Diffusion Driven Accelerated Stress Corrosion Cracking in an Acrylic Polymer

The dynamic evolution and mechanism of accelerated stress corrosion cracking (aSCC) in anacrylic (PMMA–poly methyl 2-methylpropenoate) polymer sample have been exploited quantitatively, in absence of external mechanical load. Unusually fast propagation of solvent induced cracks in micro-machined sections of the material has been monitored by microscopic video imaging of a test device. Crack emanation from milled micro-channels was precisely triggered by brief surface wetting with acetone solvent. The crack propagation period persists over a time span of approximately 1 min, comprises a final crack length of 0.2–0.3 mm, and an associated crack growth rate that decreases from \(2 \times 10^{-5}\) to \(10^{-6}\) m/s.
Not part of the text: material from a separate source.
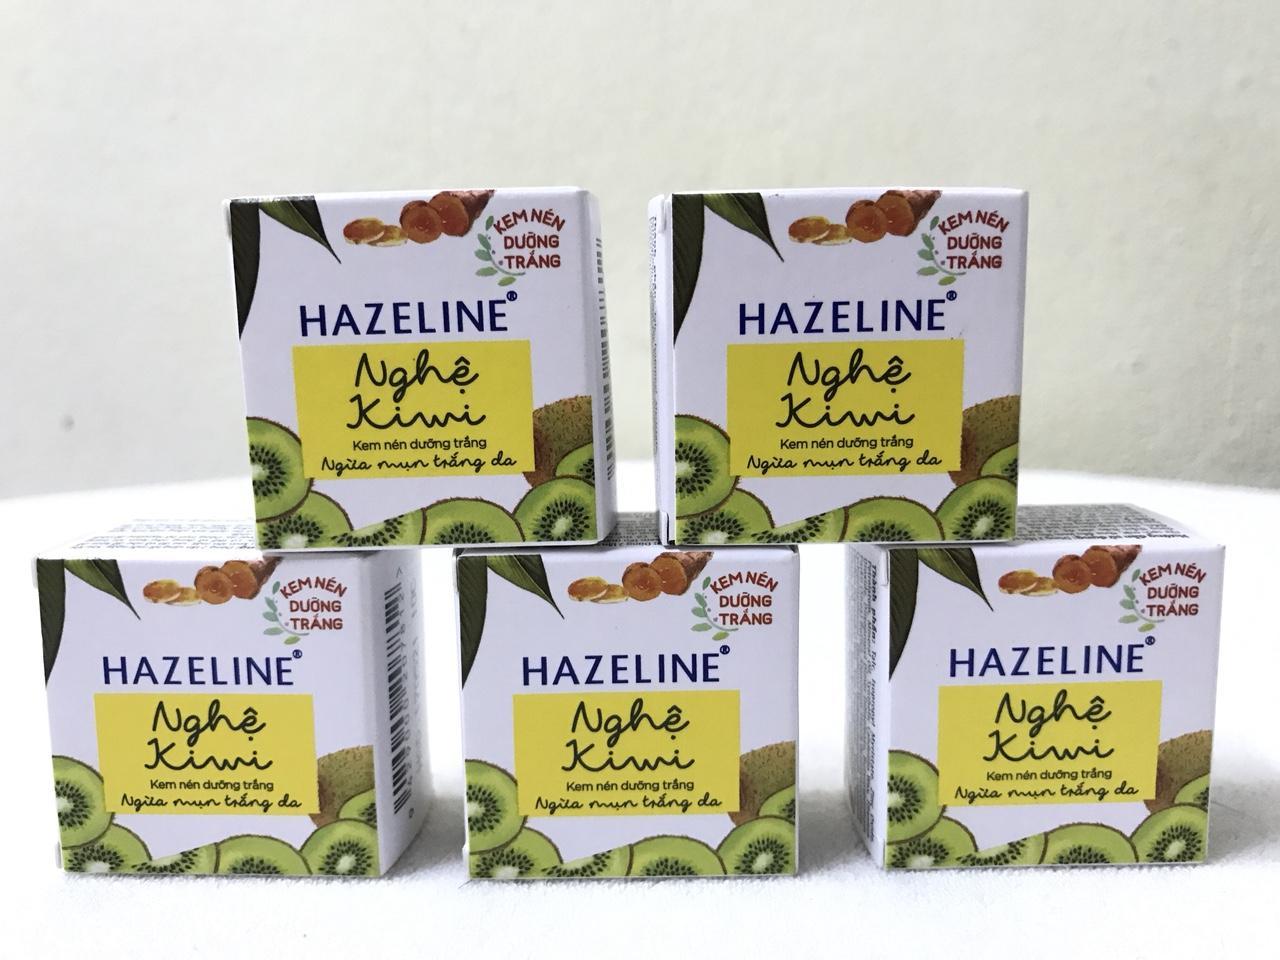 Hình ảnh combo 5 hộp kem nén hazeline ngừa mụn dưỡng trắng 3g/hộp + Tặng 1 túi đựng mỹ phẩm

The temporal crack evolution scales in accord with 1-dim solvent diffusion along the flaw, super imposed with the residual stress field. Optically recorded birefringence, as well as finite element structure mechanic simulation, identified residual tensile stress in the crack zone as the driving force. The residual stress intensity factor \(\Delta K\) was determined to 1–2 MPa \({\rm m}^{1/2}\). The aSCC (accelerated stress corrosion cracking) in the material originates from a detrimental combination of residual stress, induced by surface milling; stress induced fast diffusion of the acetone solvent into the material and an associated degradation of structure-mechanic parameters.